● **Given data**
_ _ _

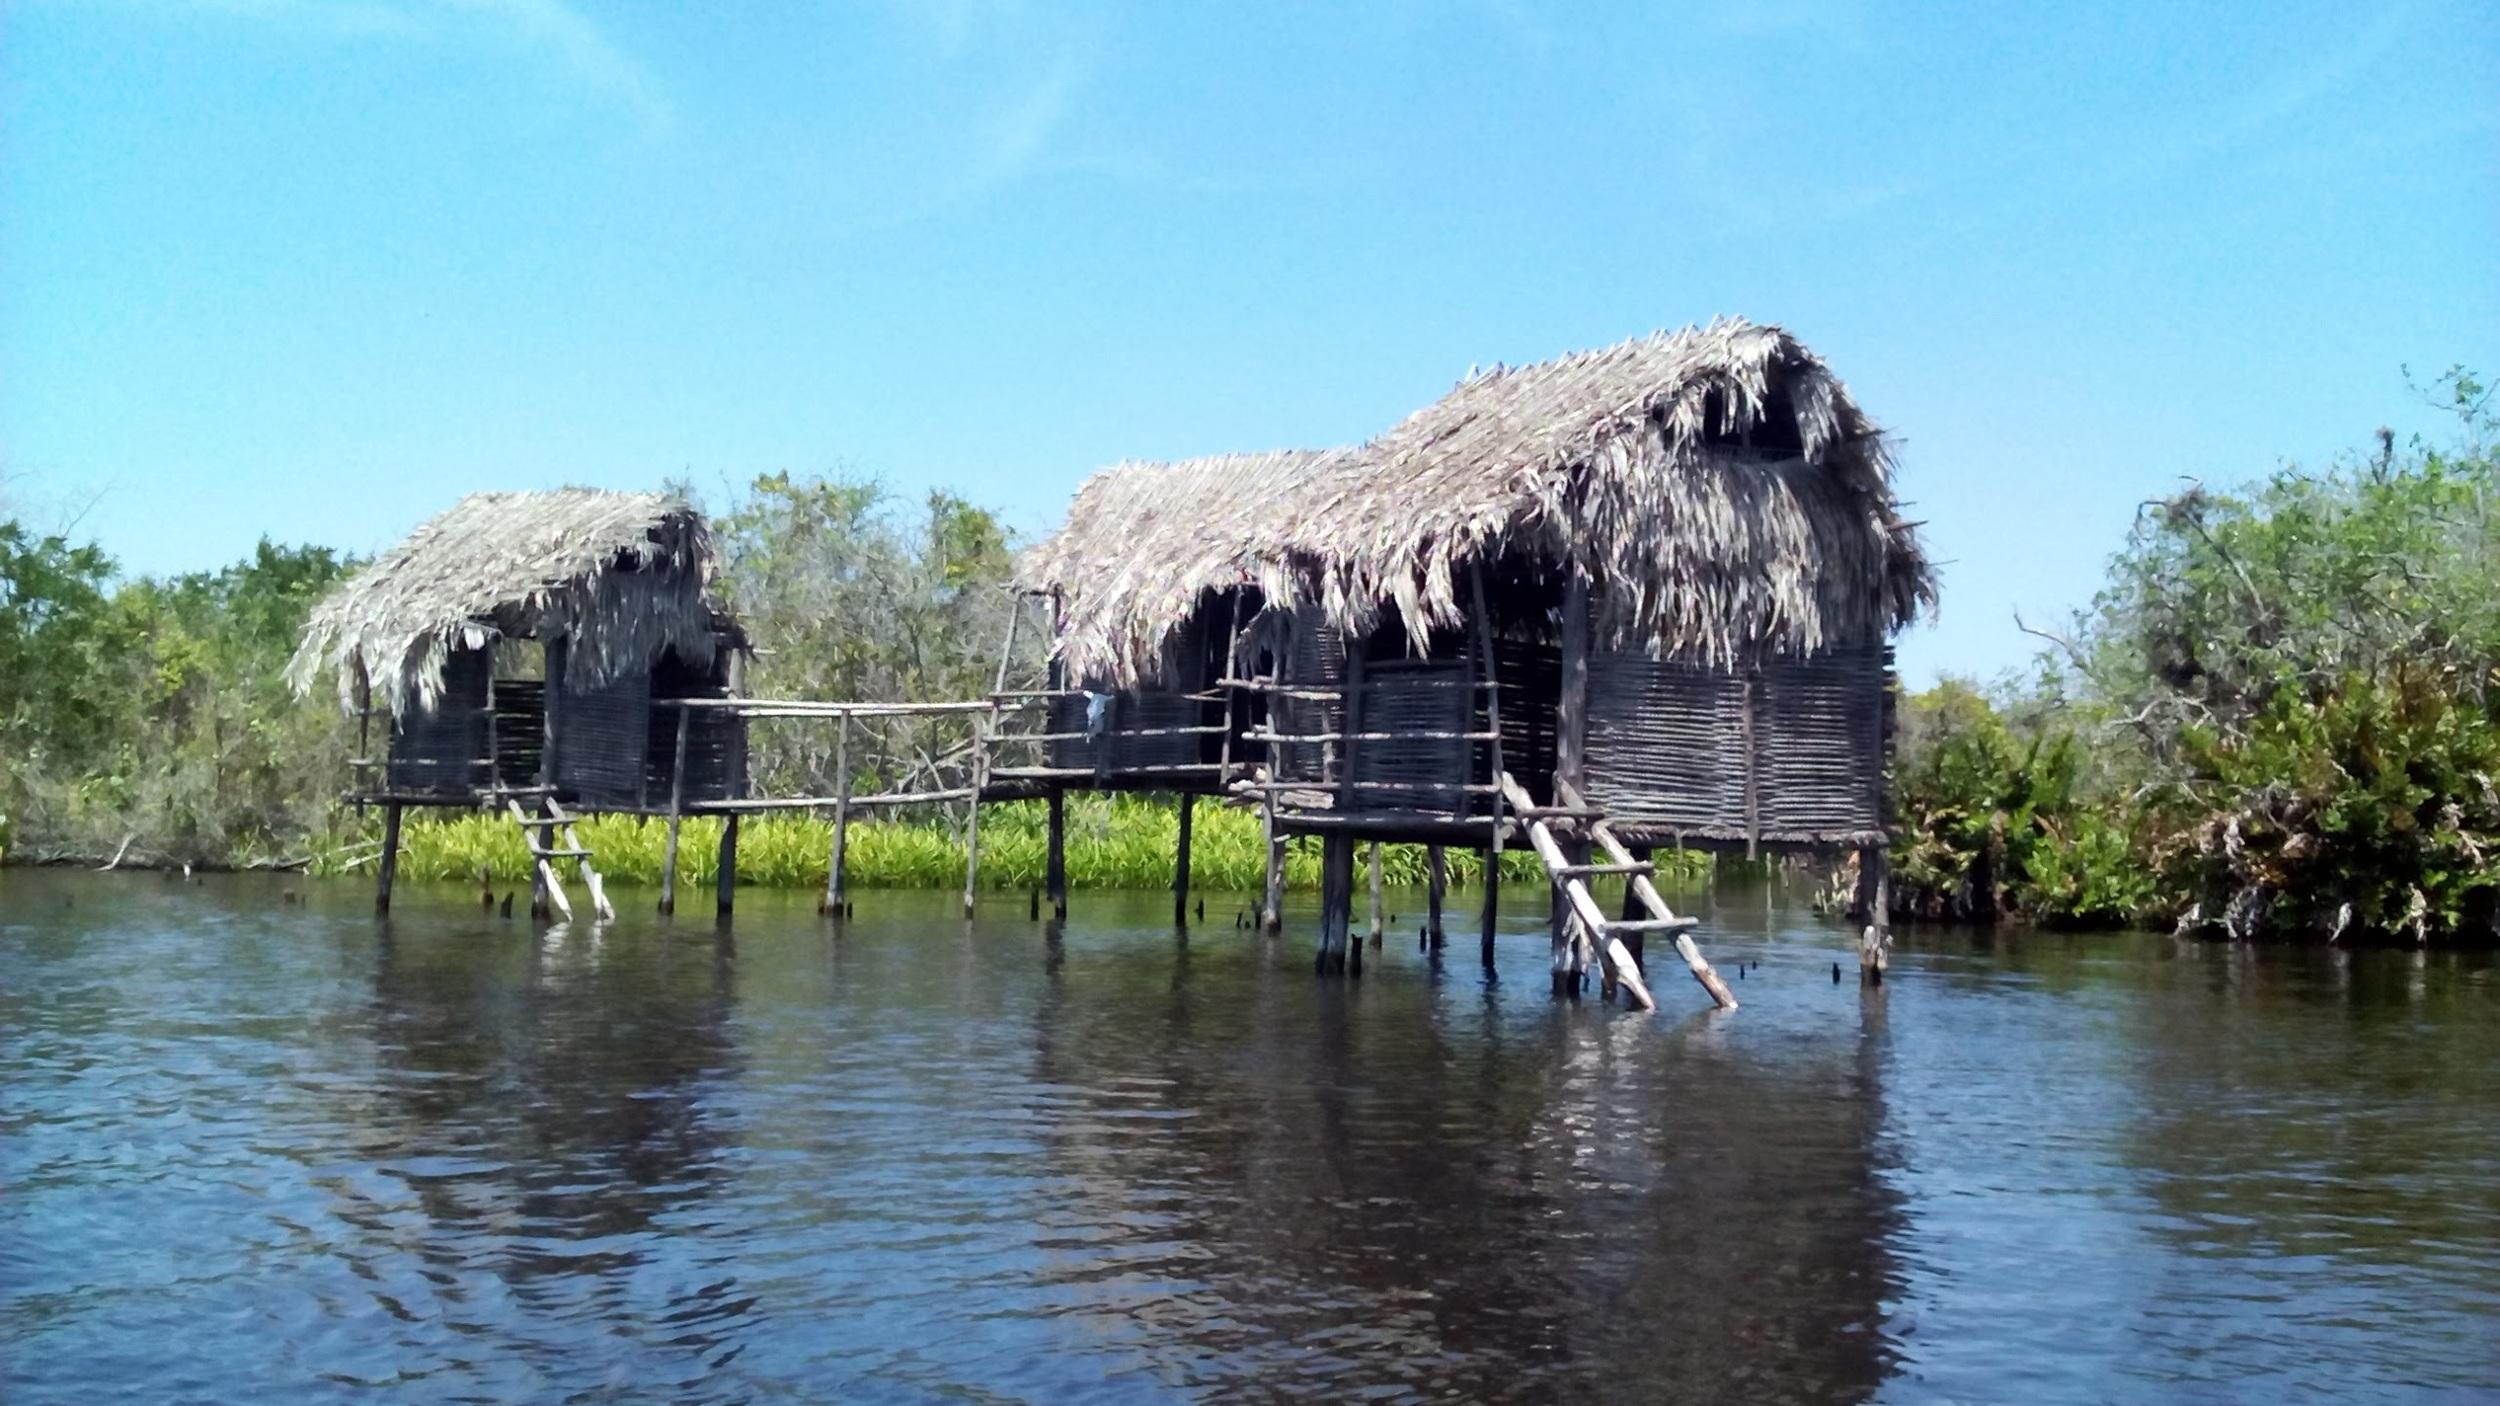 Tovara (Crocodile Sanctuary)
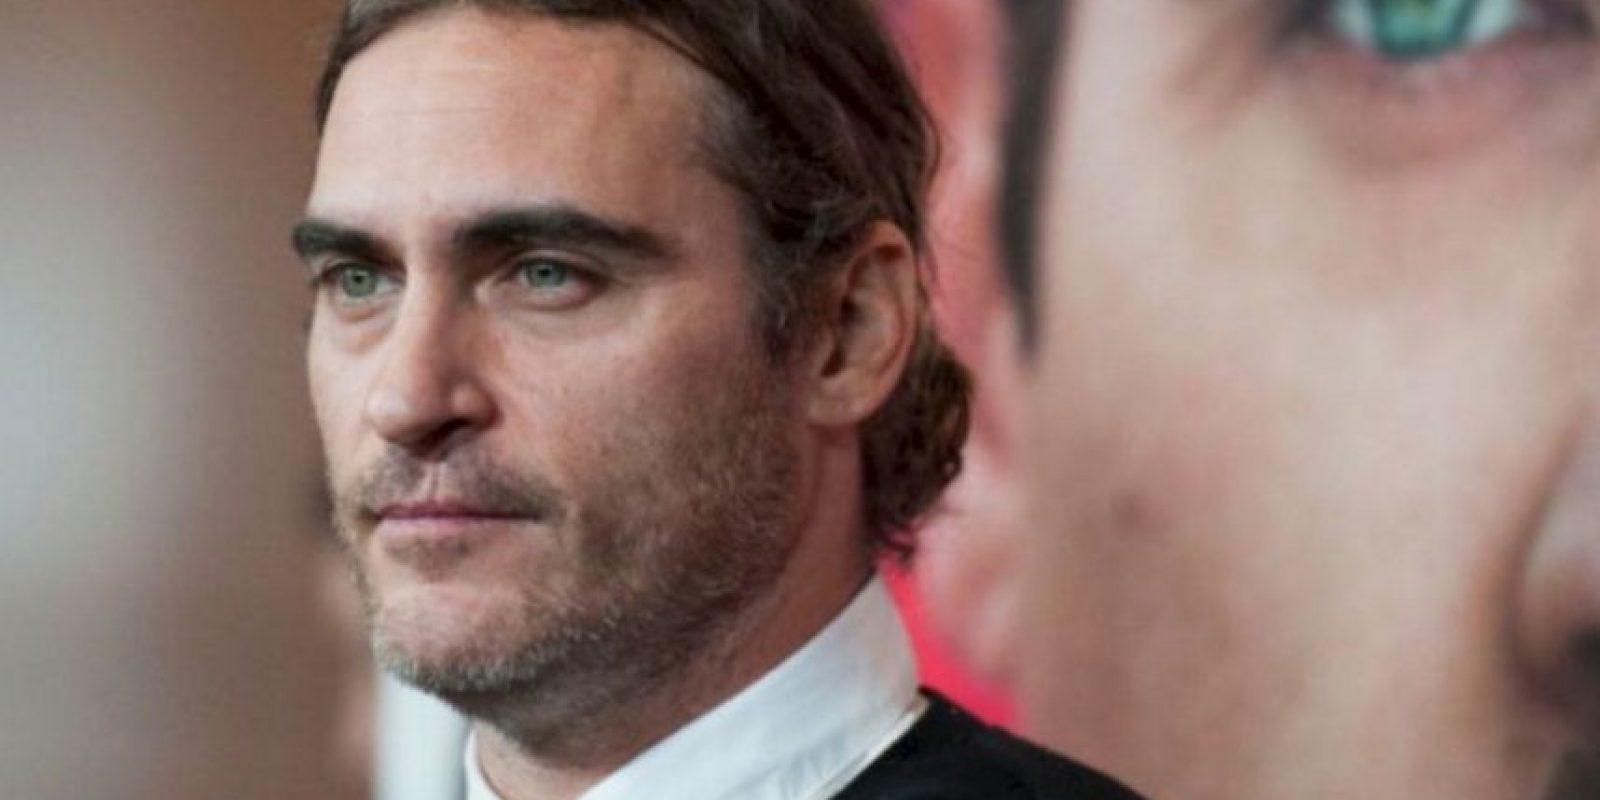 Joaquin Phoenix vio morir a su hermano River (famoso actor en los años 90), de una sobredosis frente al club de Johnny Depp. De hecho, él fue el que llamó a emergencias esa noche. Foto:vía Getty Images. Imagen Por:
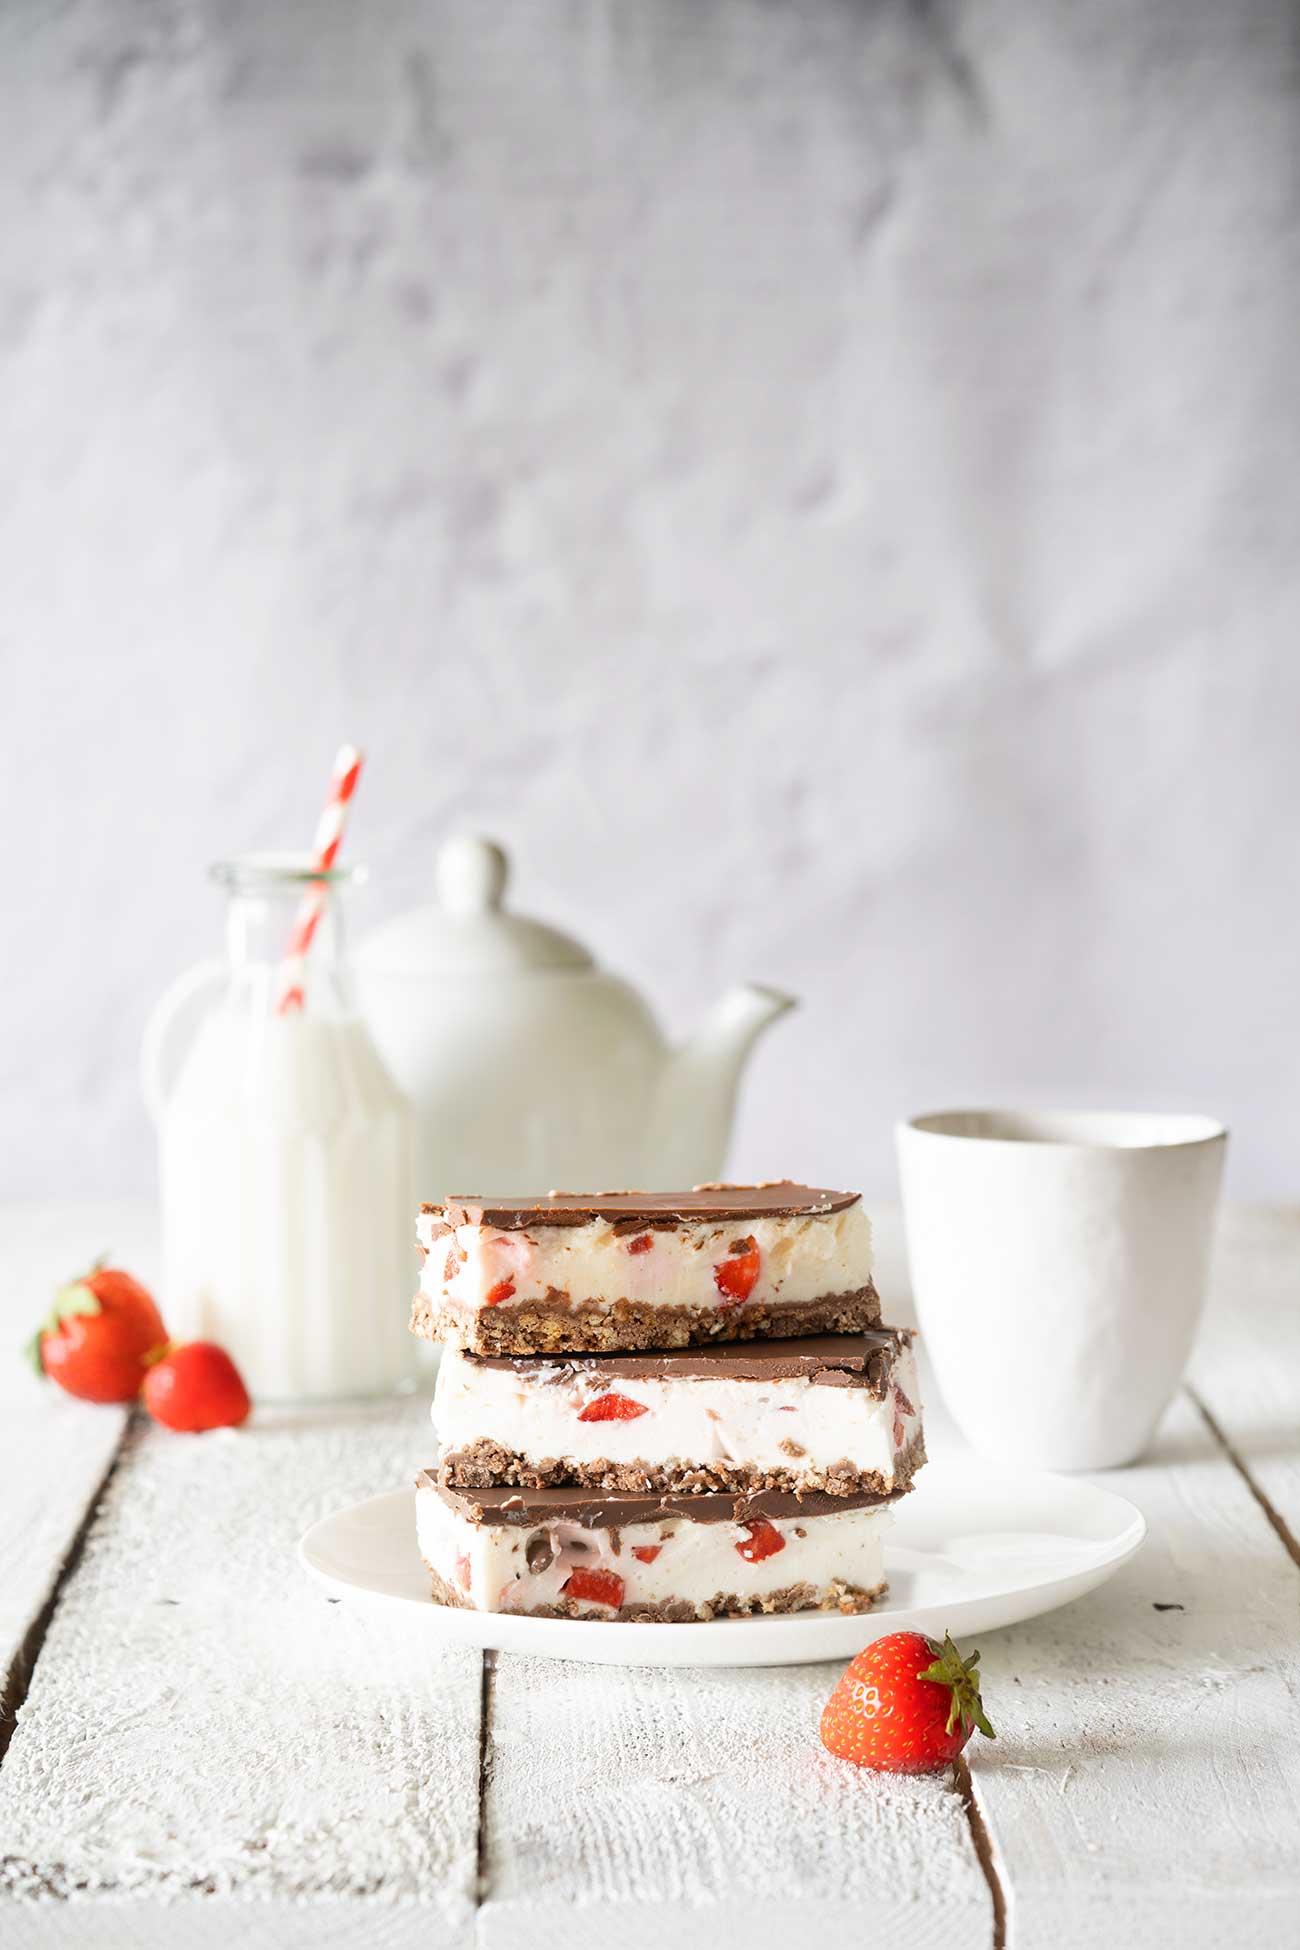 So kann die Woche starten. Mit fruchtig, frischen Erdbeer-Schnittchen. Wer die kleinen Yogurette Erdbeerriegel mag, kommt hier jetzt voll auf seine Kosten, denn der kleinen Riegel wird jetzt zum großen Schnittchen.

_ _ _

● **Instructions to follow**
The reply has to reproduce every line above verbatim and contain no pictures.

● **Response for this exercise**
 Tovara (Crocodile Sanctuary)
 Joaquin Phoenix vio morir a su hermano River (famoso actor en los años 90), de una sobredosis frente al club de Johnny Depp. De hecho, él fue el que llamó a emergencias esa noche. Foto:vía Getty Images. Imagen Por:
 So kann die Woche starten. Mit fruchtig, frischen Erdbeer-Schnittchen. Wer die kleinen Yogurette Erdbeerriegel mag, kommt hier jetzt voll auf seine Kosten, denn der kleinen Riegel wird jetzt zum großen Schnittchen.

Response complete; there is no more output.